White House officials did not respond to a request for comment. The White House in the past has referred questions about Trump businesses to the Trump Organization.
Officials at the Trump Organization could not immediately be reached for comment.
A Deutsche Bank spokesman said: “Deutsche Bank takes its legal obligations seriously and remains committed to cooperating with authorized investigations. Our recent record of cooperating with such investigations has been widely recognized by regulators. We intend to keep working in this spirit.”
The Financial Services Committee, chaired by Democrat Maxine Waters, has the broadest power to look into Trump’s relationship with Deutsche.
When the Republicans still controlled the House, Waters tried in 2017 to request documents from the bank on its dealings with Trump and his businesses, as well as information about potential Russian money laundering through the bank.
But the bank told Congress that privacy laws prevented it from handing over such information without a formal subpoena. Committee Republicans ignored Waters’ request. As chairwoman, Waters can now issue subpoenas herself.
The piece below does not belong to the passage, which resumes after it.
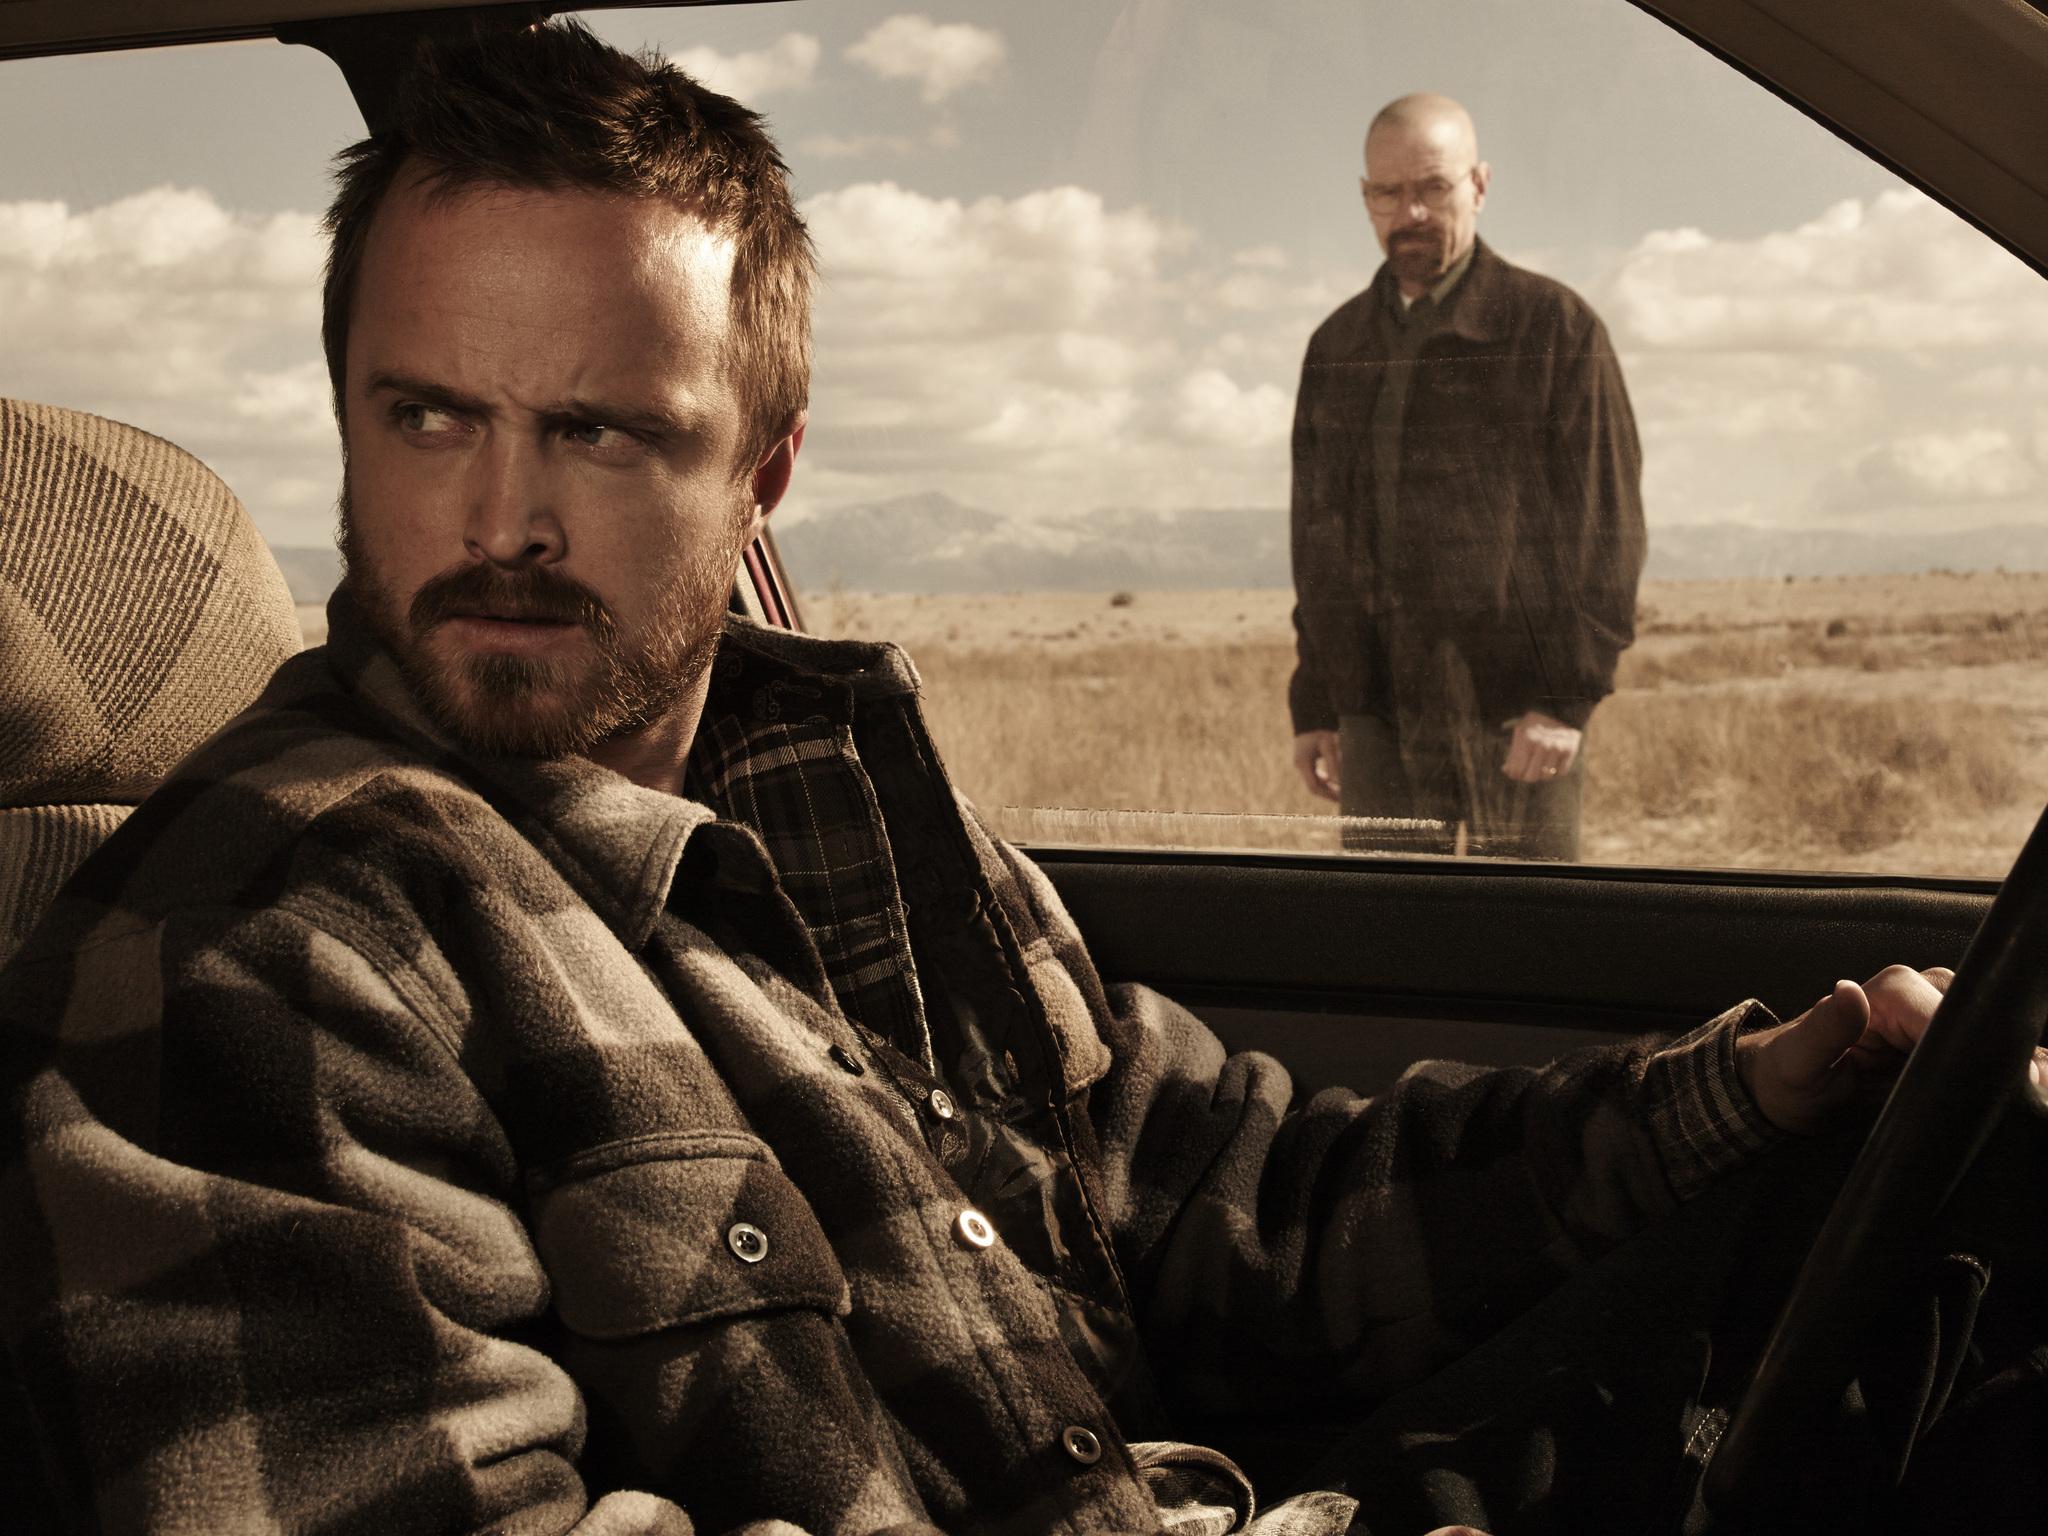 Bryan Cranston and Aaron Paul in Breaking Bad (2008)
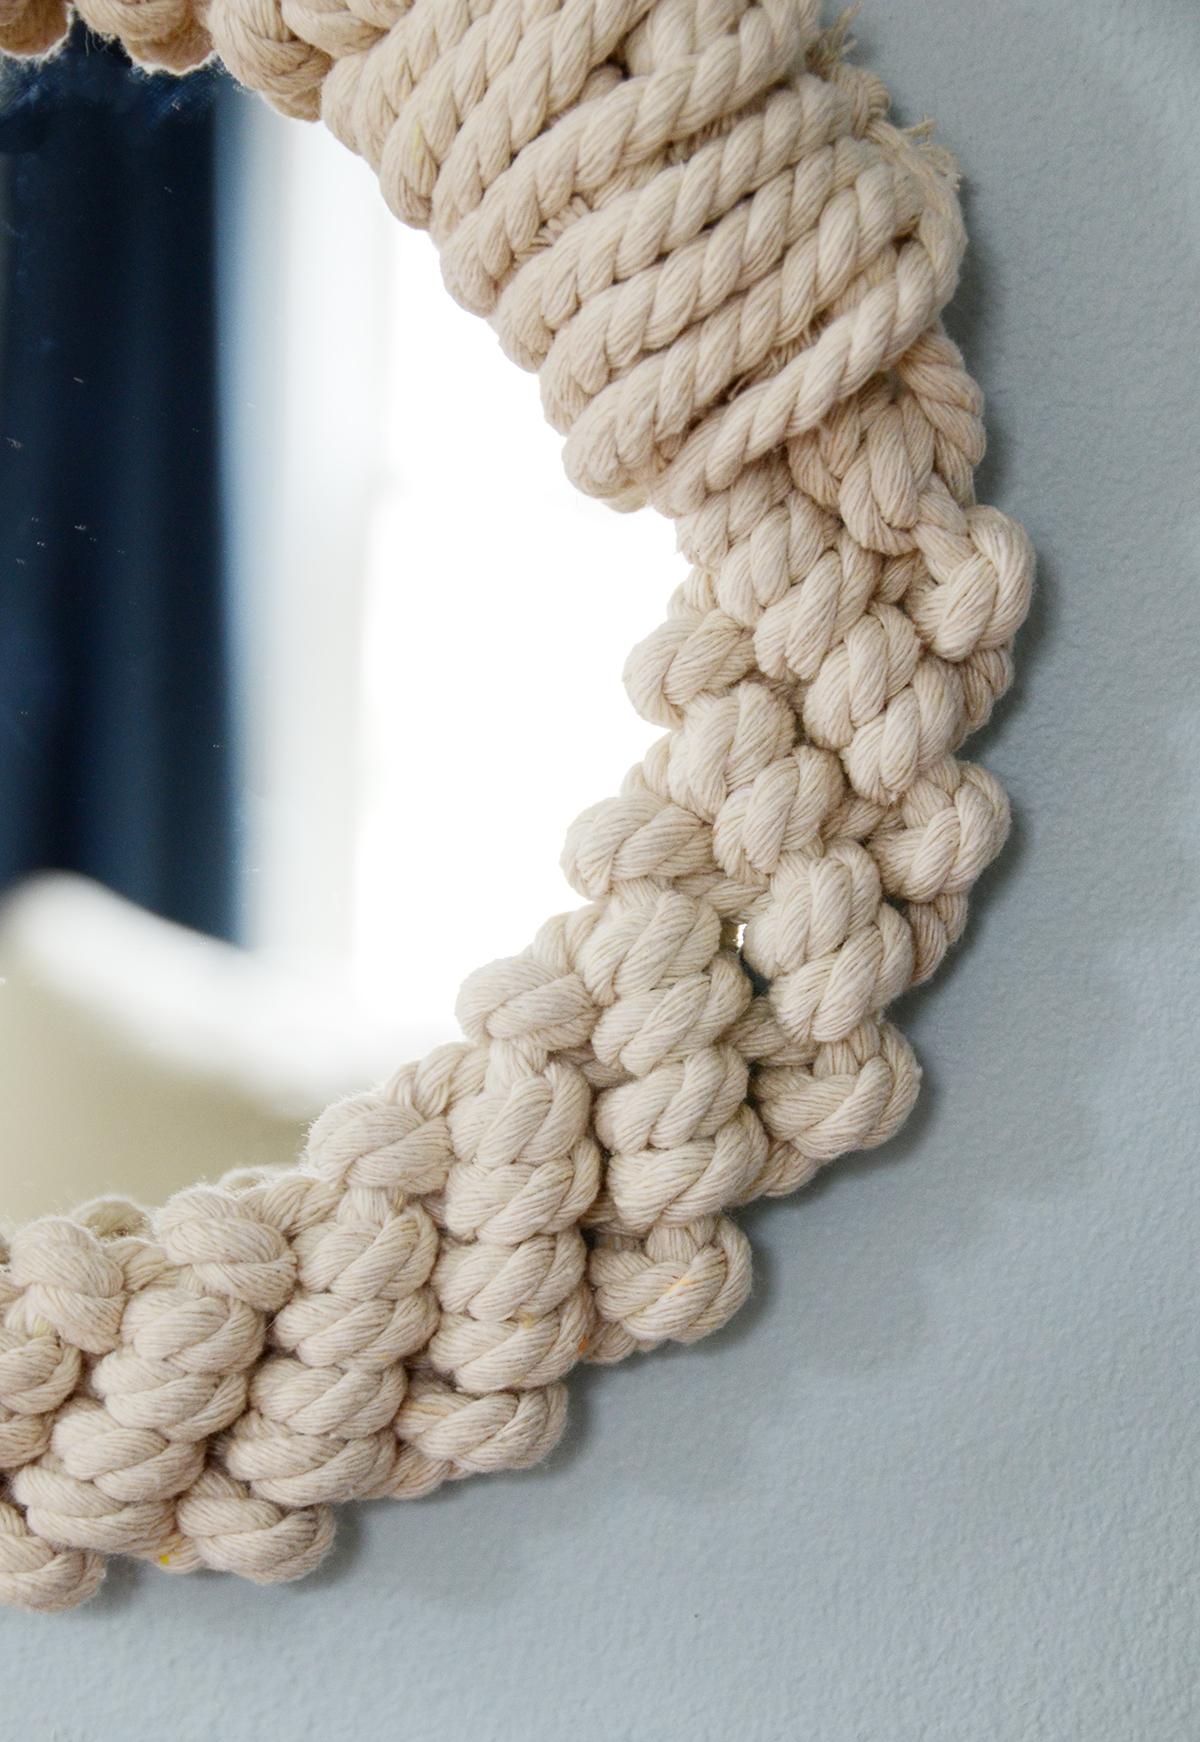 Diy rope mirror 9

In recent weeks, Waters has been publicly quiet about her plans. In a speech on Monday on committee priorities, she made no mention of the bank. A Waters spokesman declined to comment.
Democratic aides outside the committee said Waters plans to move quietly on the Deutsche inquiry. She cannot begin formally issuing subpoenas until after the committee holds its first business meeting, expected by the end of January.
Deutsche has extended millions of dollars in credit to the Trump Organization, making the bank one of few willing to lend extensively to Trump in the past decade.
A 2017 financial disclosure form showed liabilities for Trump of at least $130 million to Deutsche Bank Trust Company Americas, a unit of German-based Deutsche Bank AG.
House Intelligence Committee Democrats also want to investigate Trump and his Deutsche links, said three congressional officials familiar with committee discussions.
A Judiciary Committee spokesman said it has been consulted.